**TASK DETAILS**
Make an exact copy of the lines from the one containing "REGULAR 10100 White" through the end of the material, including both ends but no pictures.

**COLLECTED DATA**
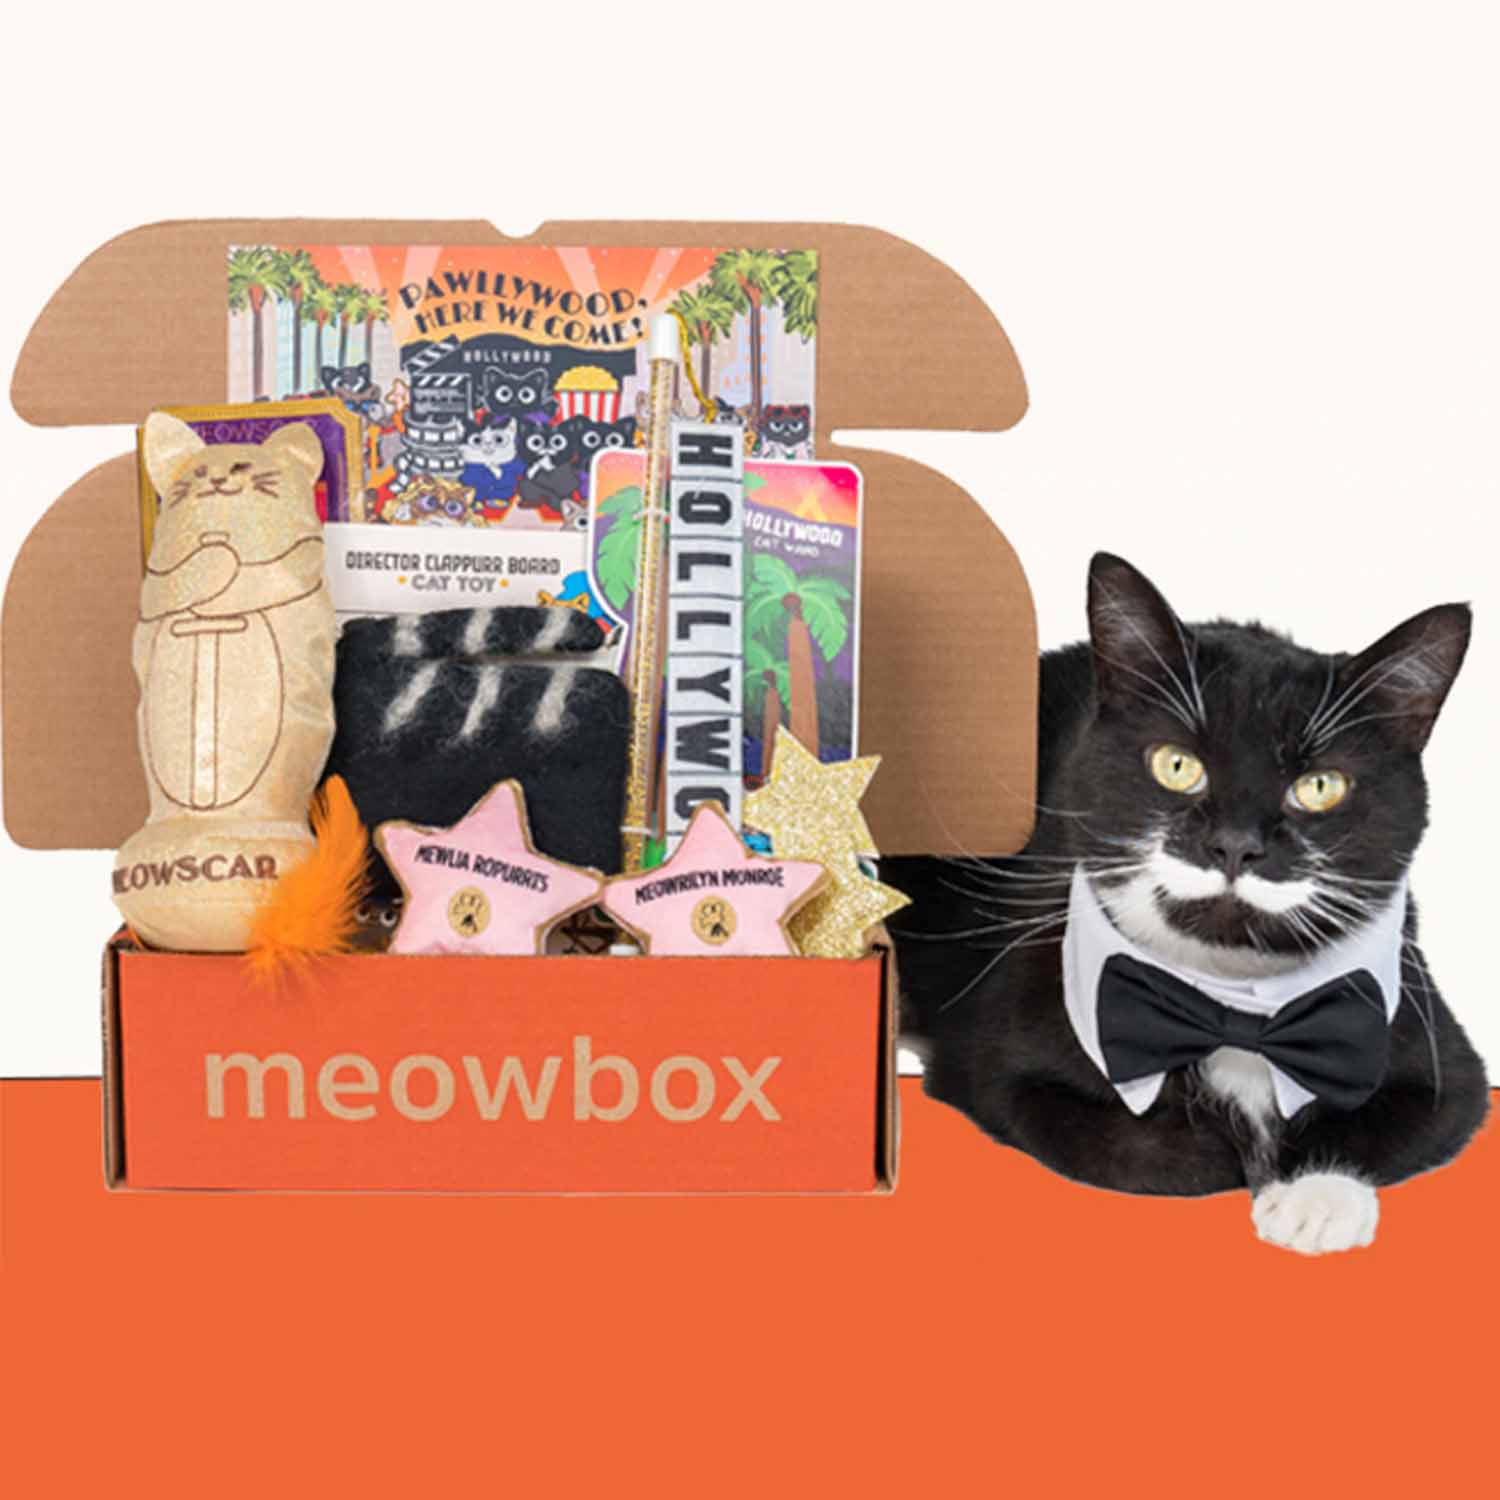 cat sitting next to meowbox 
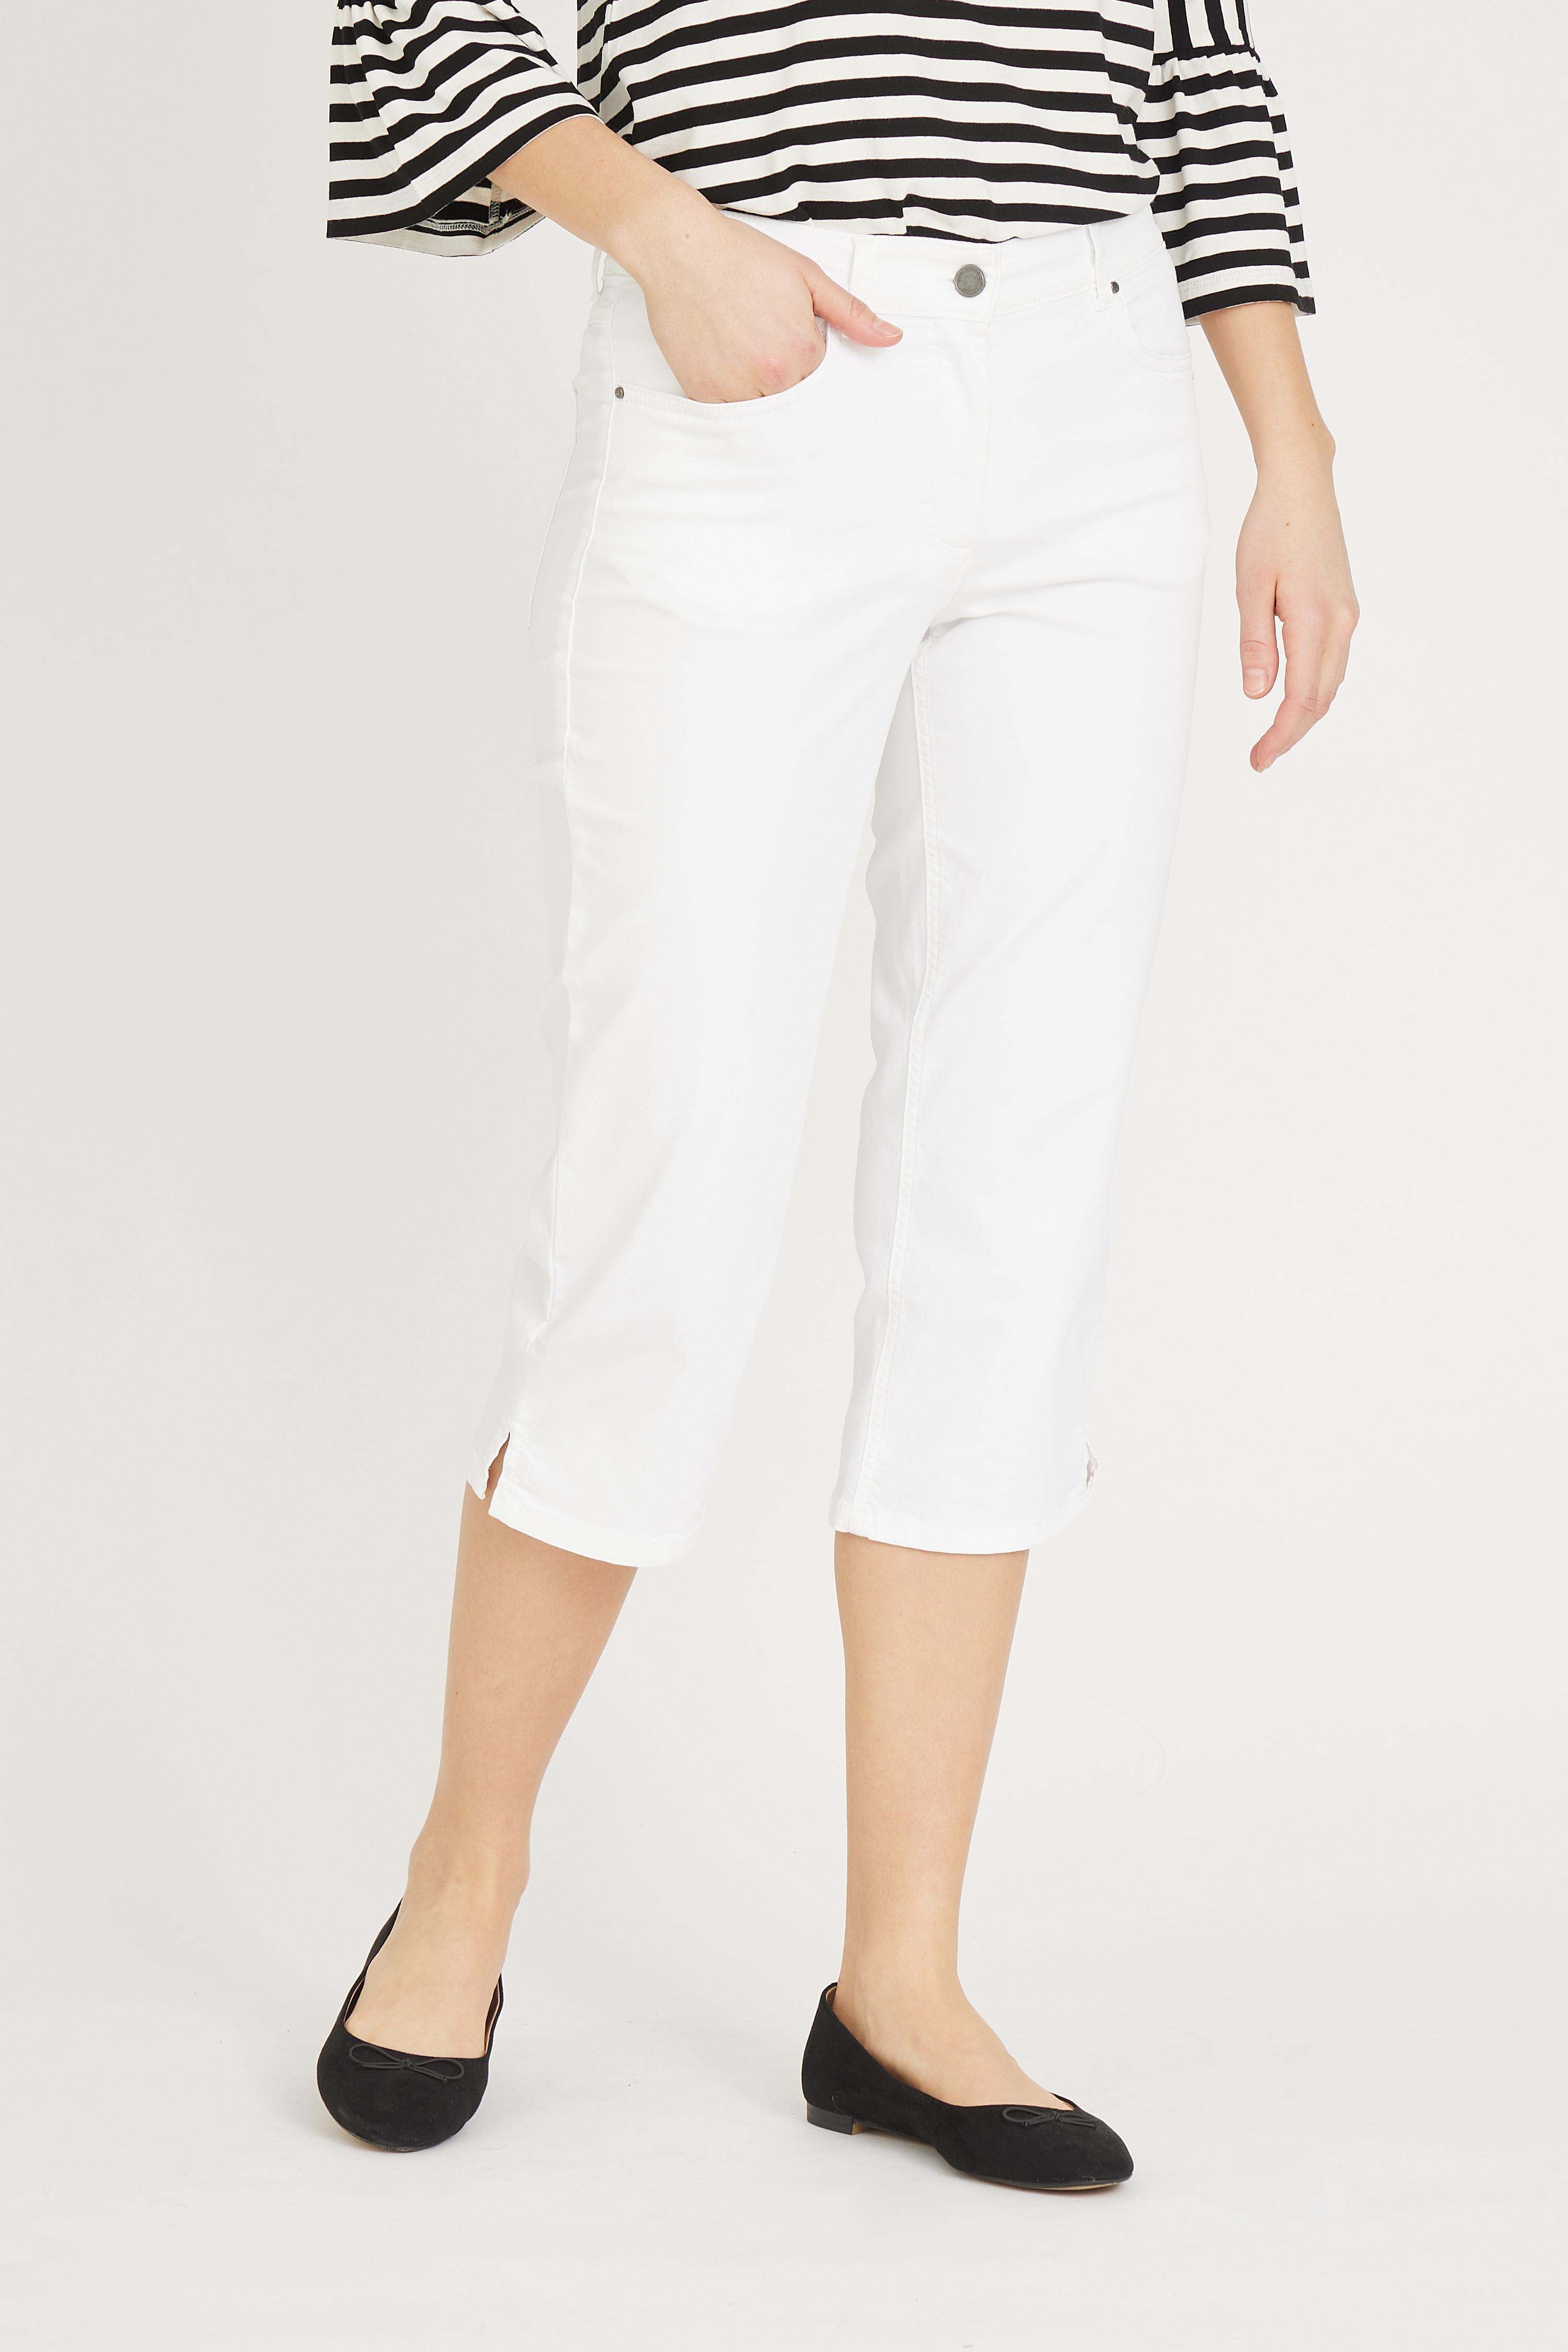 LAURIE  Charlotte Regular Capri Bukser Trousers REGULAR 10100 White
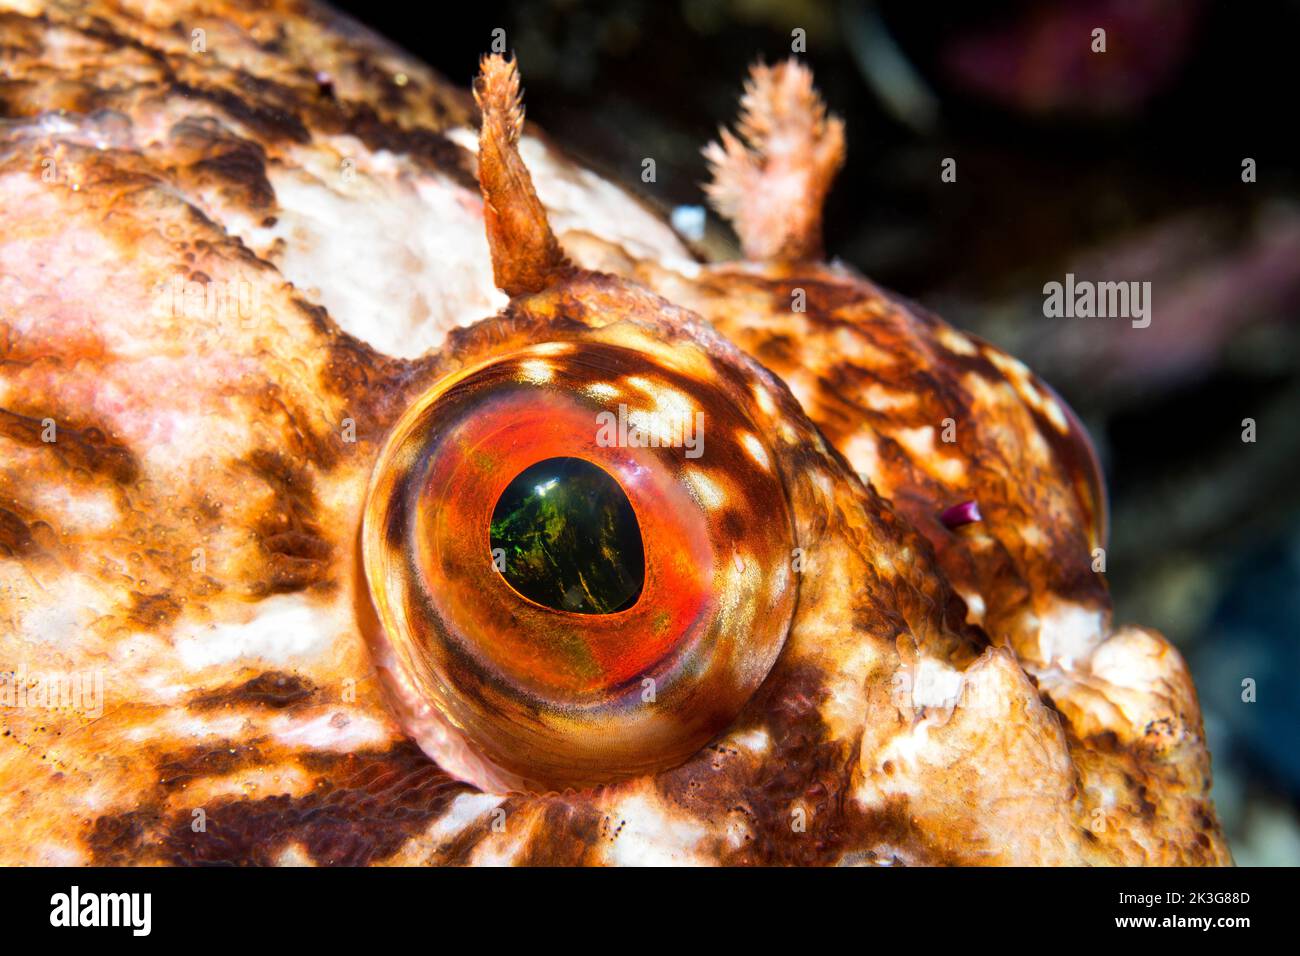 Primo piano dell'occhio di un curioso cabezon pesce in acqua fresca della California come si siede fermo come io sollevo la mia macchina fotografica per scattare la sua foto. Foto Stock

**SOLUTION FOR THIS PROBLEM**
 LAURIE  Charlotte Regular Capri Bukser Trousers REGULAR 10100 White
 Primo piano dell'occhio di un curioso cabezon pesce in acqua fresca della California come si siede fermo come io sollevo la mia macchina fotografica per scattare la sua foto. Foto Stock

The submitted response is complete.